Which is best Biologic Therapy  in  Moderate to Severe Crohn’s Disease?

Infliximab and adalimumab appear to be most effective as first-line agents for patients with moderate-to-severe Crohn’s disease (CD), according to a new systematic review of biologic therapies published in the journal Alimentary Pharmacology and Therapeutics.

Infliximab neutralizes the biological activity of TNF-α and reduces the inflammation caused by it. Adalimumab binds to TNF-alpha and blocks its interaction with the p55 and p75 cell surface TNF receptors.

S.Singh conducted a study to assess comparative efficacy and safety of first‐line (biologic‐naïve) and second‐line (prior exposure to anti-tumor necrosis factor [TNF]‐α) agents) biologic therapy for moderate‐severe CD, through a systematic review and network meta‐analysis, and appraised quality of evidence (QoE) using the Grading of Recommendations Assessment, Development and Evaluation (GRADE) approach.

Researchers identified randomized controlled trials (RCTs) in adults with moderate‐severe CD treated with approved anti‐TNF agents, anti‐integrin agents, and anti‐IL12/23 agents, first‐line or second‐line, and compared with placebo or another active agent. Efficacy and safety outcomes included induction and maintenance of clinical remission, and serious adverse events/infections, respectively. The treatments were ranked using surface under the cumulative ranking (SUCRA) probabilities, with higher scores representing higher ranking for efficacy and safety outcomes.

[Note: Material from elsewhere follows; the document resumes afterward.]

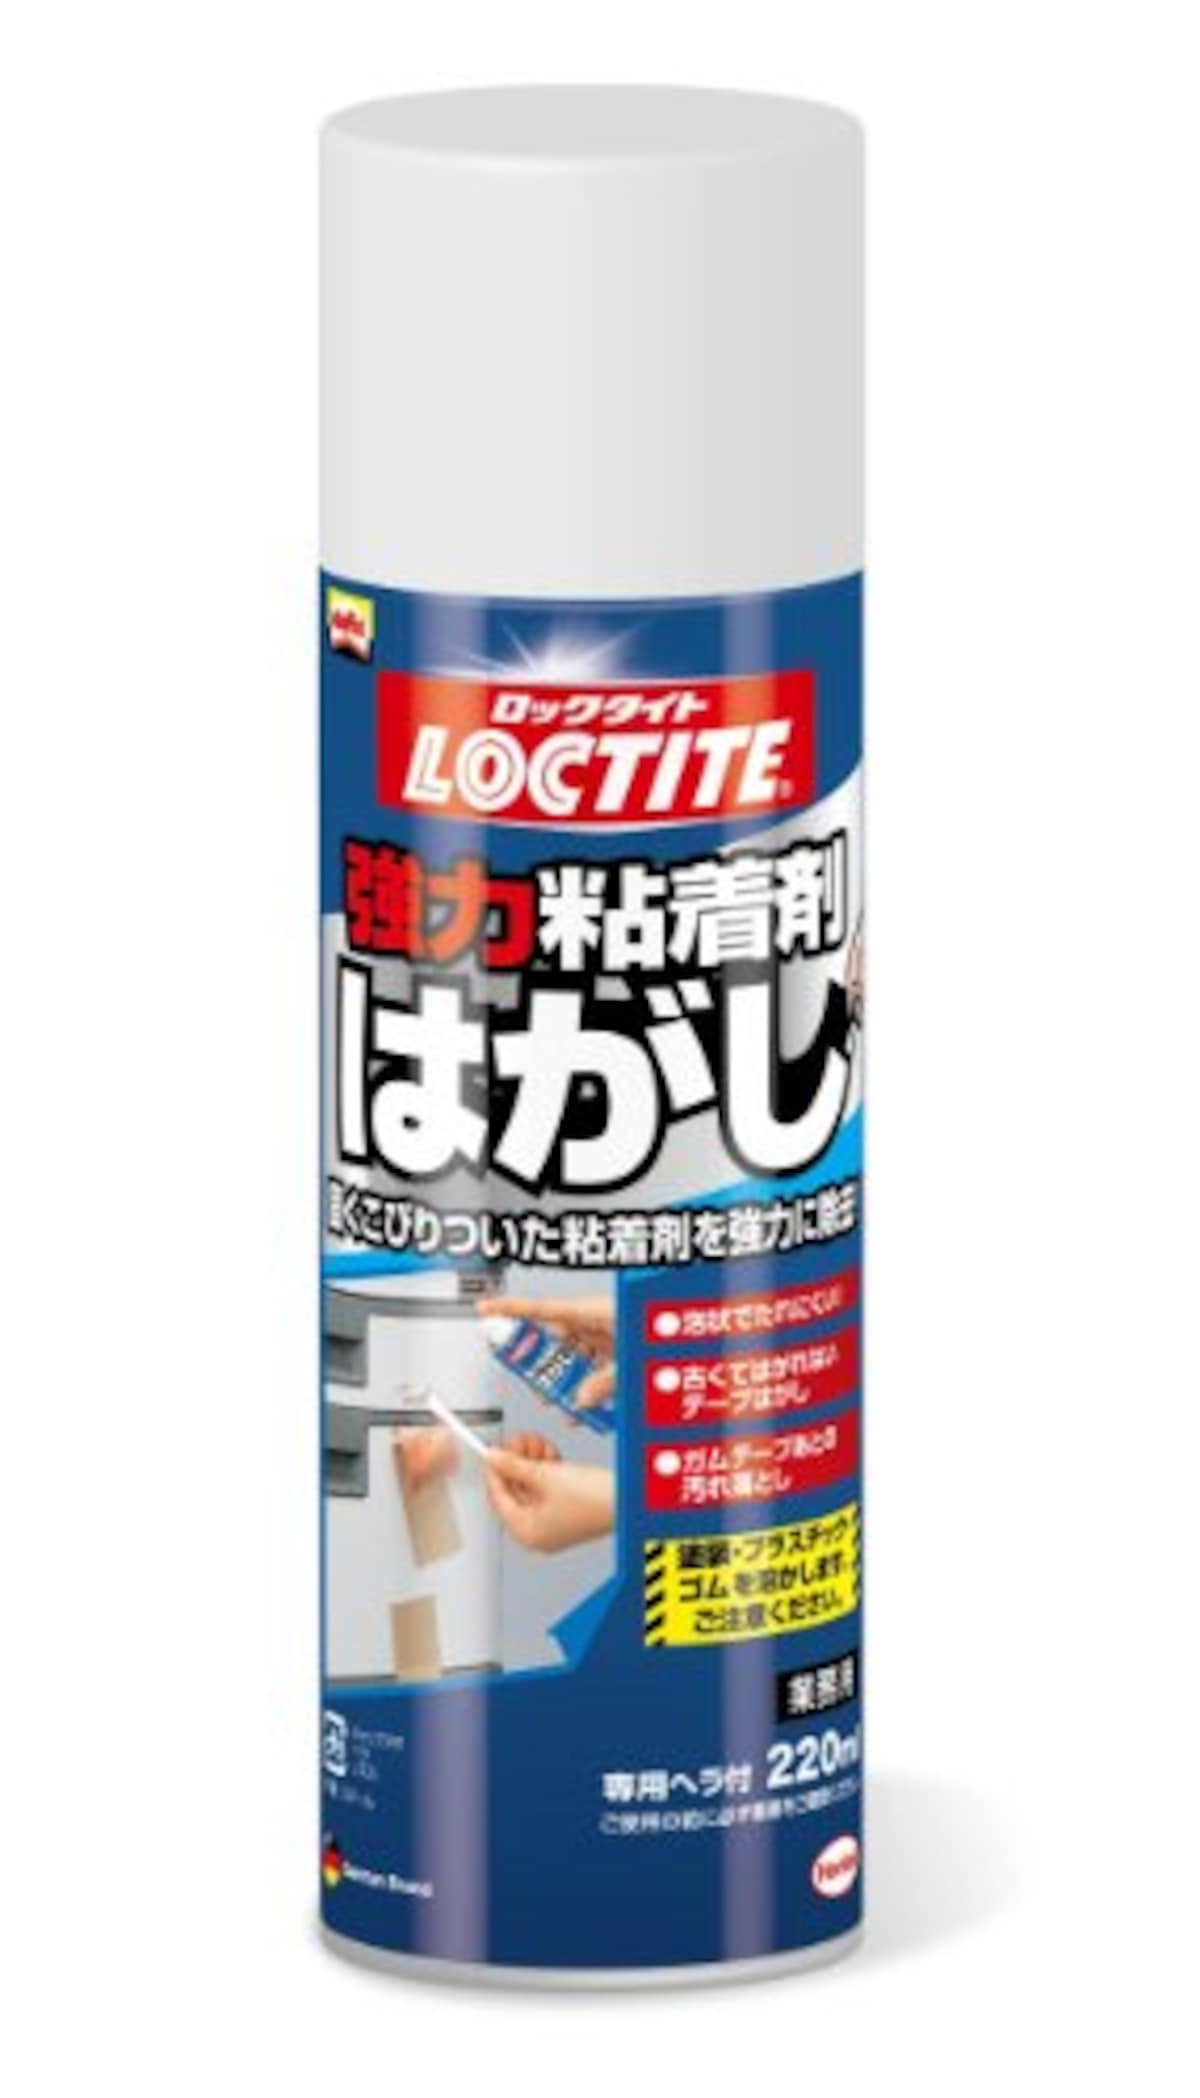 ヘンケルジャパン(Henkel Japan)のLOCTITE(ロックタイト) 強力粘着剤DKH-220 | 価格比較・レビュー評価

Key findings of the study:

  • In biologic‐naive patients, infliximab (SUCRA,0.93) and adalimumab (SUCRA,0.75) were ranked highest for induction of clinical remission (moderate QoE).
  • In patients with prior anti‐TNF exposure, adalimumab (SUCRA, 0.91; low QoE, in patients with prior response or intolerance to anti‐TNF agents) and ustekinumab (SUCRA, 0.71) were ranked highest for induction of clinical remission.
  • In patients with response to induction therapy, adalimumab (SUCRA, 0.97) and infliximab (SUCRA, 0.68) were ranked highest for maintenance of remission. Ustekinumab had the lowest risk of serious adverse events (SUCRA, 0.72) and infection (SUCRA, 0.71; along with infliximab, SUCRA, 0.83) in maintenance trials.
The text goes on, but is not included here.